Though she and Jack were among the village's several free souls and not villeins, Margery's one pride was that she worked with Dame Claire, St. Frideswide's infirmarian. They had met not long after Margery had married Jack and come to live in Priors Byfield. In the untended garden behind the cottage she had found a plant she could not identify despite the herb lore she had had from her mother and grandmother. With her curiosity stronger than her fear, she had gone hesitantly to ask at the nunnery gates if there were a nun who knew herbs. In a while a small woman neatly dressed and veiled in Benedictine black and white had come out to her and kindly looked at the cutting she had brought.
"Why, that's bastard agrimony," she had said. "In your garden? It must have seeded itself from ours. It's hardly common in this part of England and I've been nursing ours along. It's excellent for strengthening the lungs and to ease the spleen and against dropsy, you see."
"Oh, like marjoram. Wild marjoram, not sweet. Only better, I suppose?" Margery had said; and then had added regretfully, "I suppose you want it back?"
Dame Claire had regarded her with surprise. "I don't think so. We still have our own." She looked at the cutting more closely. "And yours seems to be doing very well. Tell me about your garden."
Margery had told her and then, drawn on by Dame Claire's questions, had told what she knew of herbs and finally, to her astonishment, had been asked if she would like to see the priory's infirmary garden. One thing had led on to another, that day and others; and with nothing in common between them except their love of herbs and using them to help and heal, she and Dame Claire had come to work together, Margery gathering wild-growing herbs for Dame Claire's use as well as her own and growing plants in her garden to share with the infirmarian, as Dame Claire shared her own herbs and the book-knowledge Margery had no way of having.
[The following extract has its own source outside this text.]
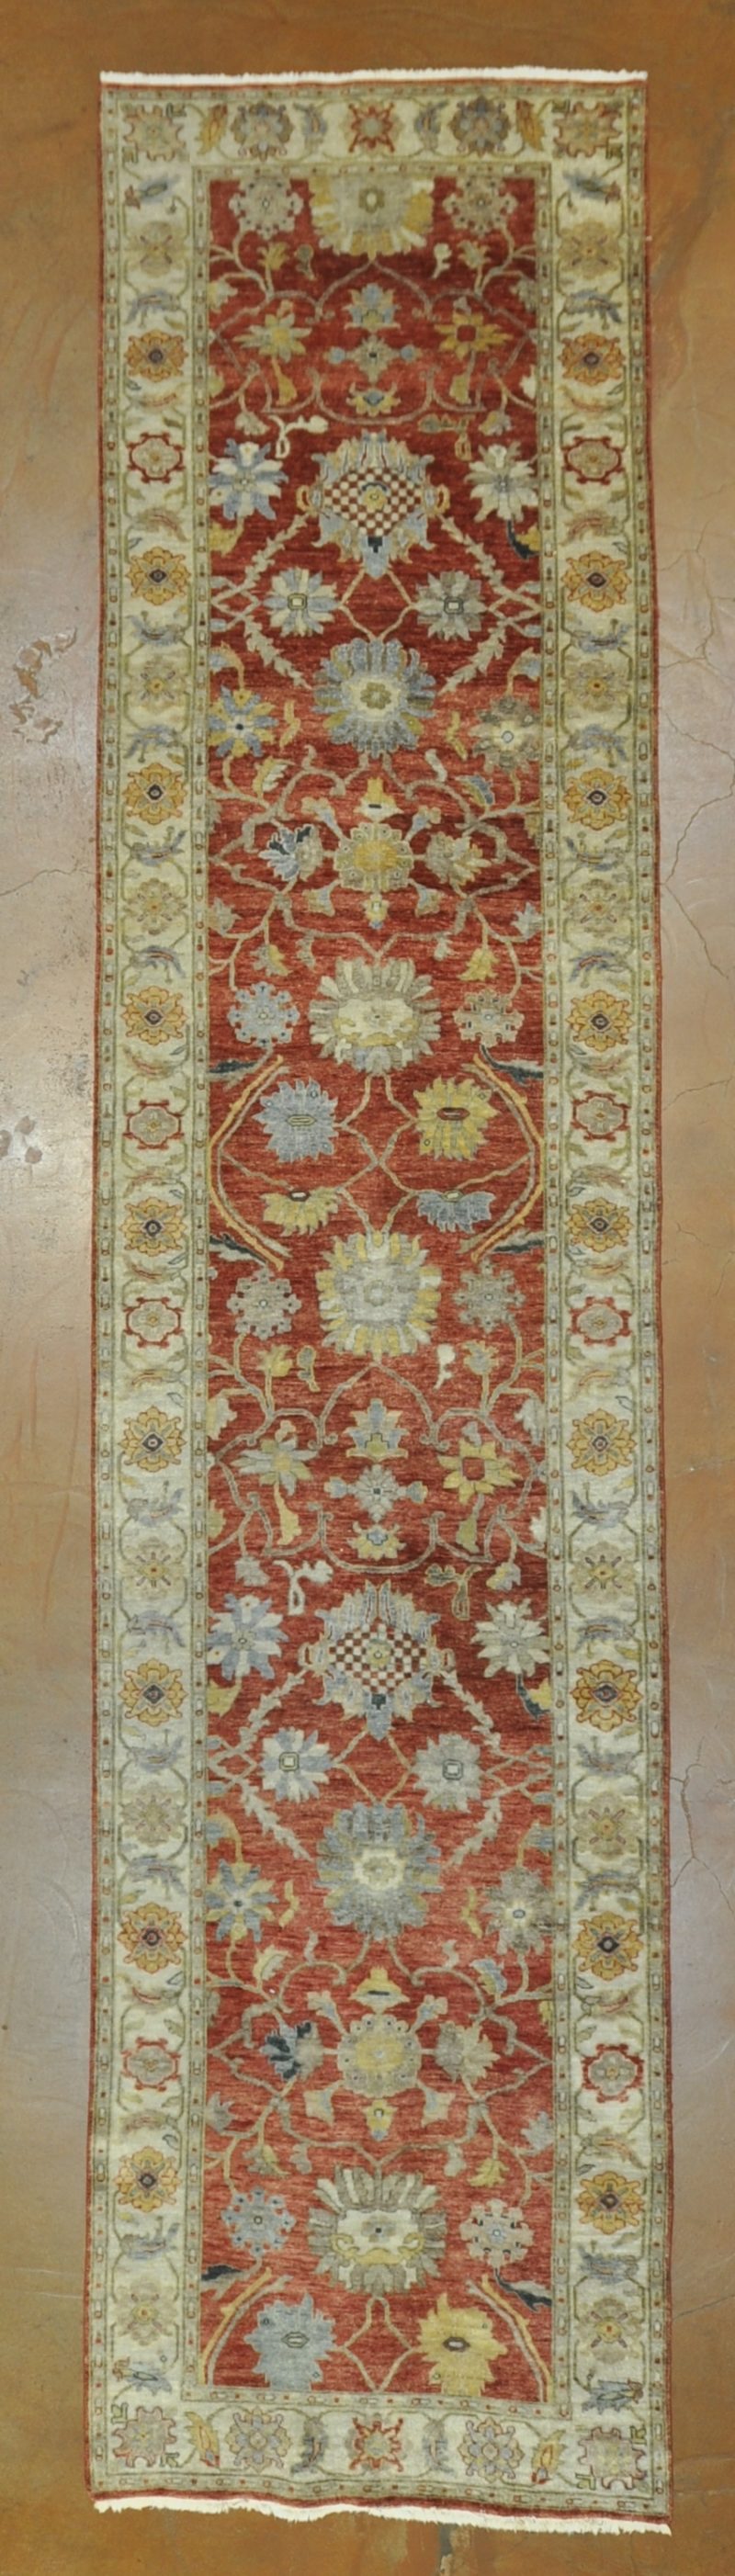 Ziegler & Co. Vintage Fine Agra Rugs and more1

And for both of them there was the pleasure of talking about work they both enjoyed, each with someone as knowledgeable as herself.
Now, this third spring of their friendship, the soil would soon be dry enough, God willing, for this year's planting. Margery and Dame Claire had appointed today to plan their gardens together, so that Dame Claire could ask the priory steward to bring back such cuttings as they needed when he went to Lady Day fair in Oxford.
But Margery had to hurry. Her husband Jack wanted both her and his dinner waiting for him when he came into the house at the end of the morning's work, and his displeasure was ugly when she failed him. She had left herself time enough this morning, she was sure, even allowing for her dawdling along the hedgerow; but as she let herself into her garden by the back gate from the field path she saw with a familiar sick feeling that Jack was standing in the cottage's back doorway, fists on his hips and a mean grin on his fleshy mouth. He was back early from hedging -- Margery would have sworn he was early -- and neither she nor his food was waiting and no excuse would make any difference to what he would do now.
Wearily, Margery set down her bundle on the bench beside the door and looked up at him. It was better to see it coming.
"Y'know better than to be late," he accused. "Y'know I've told you that."
"I can have your dinner on in hardly a moment." She said it without hope. Nothing would help now; nothing ever did.
"I don't want to wait!" Jack put his hand flat between her breasts and shoved her backward. He always began with shoving. "I shouldn't have to wait!"
Margery stumbled back. Jack came after her and she turned sideways, to make a smaller target, for all the good it would do her. He shoved her again, staggering her along the path, then caught her a heavy slap to the back of her head so that she pitched forward, her knees banging into the wooden edging of a garden bed, her hands sinking into the muddy soil. She scrambled to be clear of him long enough to regain her feet. So long as she was on her feet he only hit. Once she was down, he kicked. His fists left bruises, sometimes cuts. His feet were worse. There were places in her that still hurt from last time, three weeks ago. From experience she knew that if she kept on her feet until he tired, he did not kick her so long.
But her fear made her clumsy. He was yelling at her now, calling her things she had never been, never thought of being. A blow along side of her head sent her stumbling to one side, into her herb bed among the straw and burlap meant to protect her best plants through the winter. She scrambled to be out of it but Jack came in after her, crushing his feet down on anything in his way.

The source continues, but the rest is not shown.